Ценным подарком на этот раз оказалась шоколадка “Аленка”. Это подтвердило старую мысль о том, что Победу украли. Не хочется говорить, кто украл. Но на месте преступления осталась шоколадка.
— Не будь Сталина — войны бы не было! Обезглавил армию, разоружил границу, “не заметил” немецких приготовлений — спровоцировал нападение.
— Вероломное нападение!
— Нашел кому верить...
— Но ведь внезапное!
— Брось. Все, от Черчилля до Зорге, называли день и час.
— Но победили-то мы! Гордиться надо, а не хаять!
Прилетел инопланетянин. Ему загадка:
— Кто выиграл войну: тот, кто потерял пять миллионов человек, или тот, кто — тридцать?
Не угадает.
Мы победили. Мы проиграли.
Если считать павших — проиграли мы.
Если кровь ничего не стоит, то... опять мы.

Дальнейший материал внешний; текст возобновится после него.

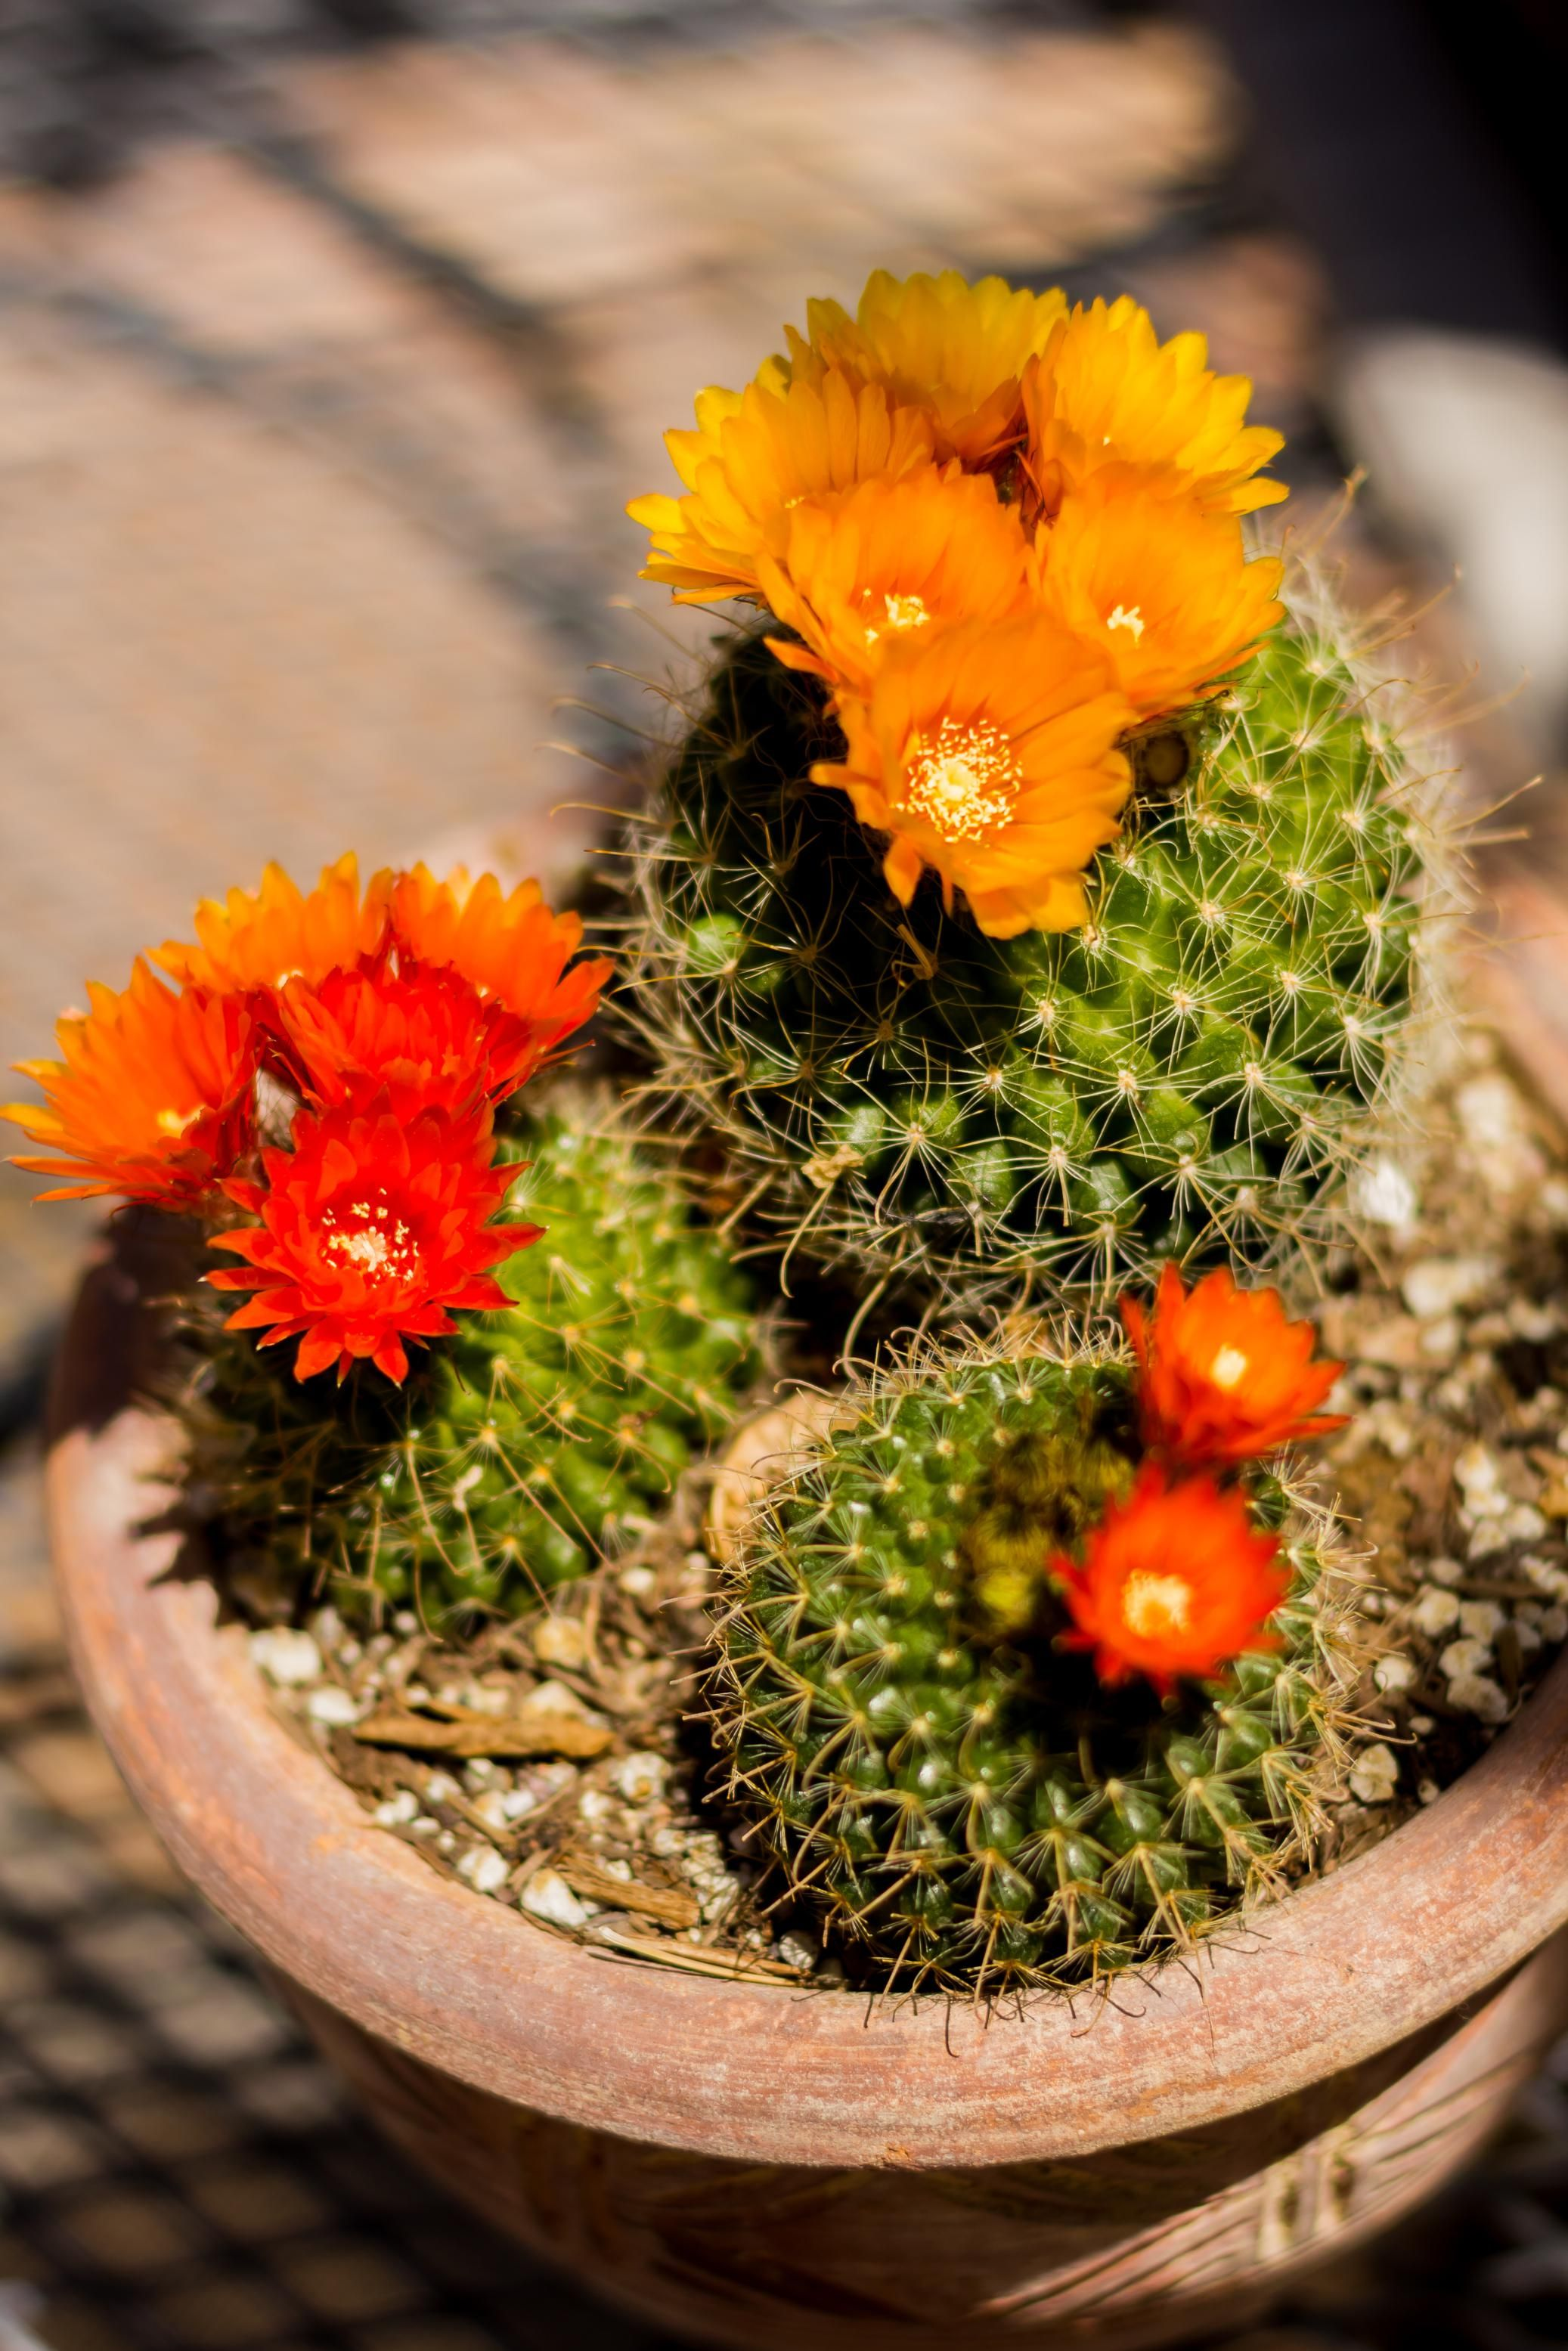 Rebutia Cactus Spring Flowers Cactus And Succulents Cactus

...Девятого мая каждый год празднуем Победу. Как посмотришь, победа над Гитлером — единственное светлое пятно в нашей истории. Чем еще можем гордиться? Коллективизация, террор, застой...
Сведущие люди, в том числе генералы и даже маршалы, устали доказывать, что не Сталин, а народ выиграл Войну. Мы (кроме, конечно, невменяемых) усвоили уже, сколь катастрофичны для нас были действия семинариста-генералиссимуса:
а) уничтожение талантливых полководцев и вообще командного состава Красной Армии (цифры публиковались много раз);
б) поставки в Германию (фашистскую, то есть агрессивную!) стратегического сырья, продовольствия, горючего, металла... вплоть до начала войны и даже еще пару дней после;
в) неизвлечение уроков из провала финской кампании;
г) ставка на кавалерию и непонимание того, что стратегия и тактика предстоящей войны будут отличаться от Гражданской;
д) аресты и террор в военной науках, в том числе посадка всех авиаконструкторов;
е) тупая вера в дружбу и честность фюрера (пункт сомнительный: весь мир видел, кто такой Гитлер. Как это Сталин, никому не веривший, убийце и предателю поверил?);
ж) разоружение старой границы до оборудования новой;
з) уничтожение лучших разведчиков “за провокации”;
и) трусливое бегство на дачу в июне 1941-го — страна без руководства, фронты без связи;
к) безоружное ополчение, брошенное под немецкие танки;
л) тупая самоубийственная тактика, неизменная во все годы войны: “взять город к празднику” — тактика, положившая в землю наших солдат из расчета семь к одному (а бывало и 20:1, и не в 1941-м, а в 1944-м);
м) зачисление пленных в “предатели Родины” и другие кровавые приказы;
н) ...
Неполный список занял пол-алфавита. Перечисленного довольно, чтобы расстрелять любого, пусть самого гениального вождя за государственную измену. (Но в том-то и дело, что Сталин сам и был государством, и зачислял в изменники, кого хотел.)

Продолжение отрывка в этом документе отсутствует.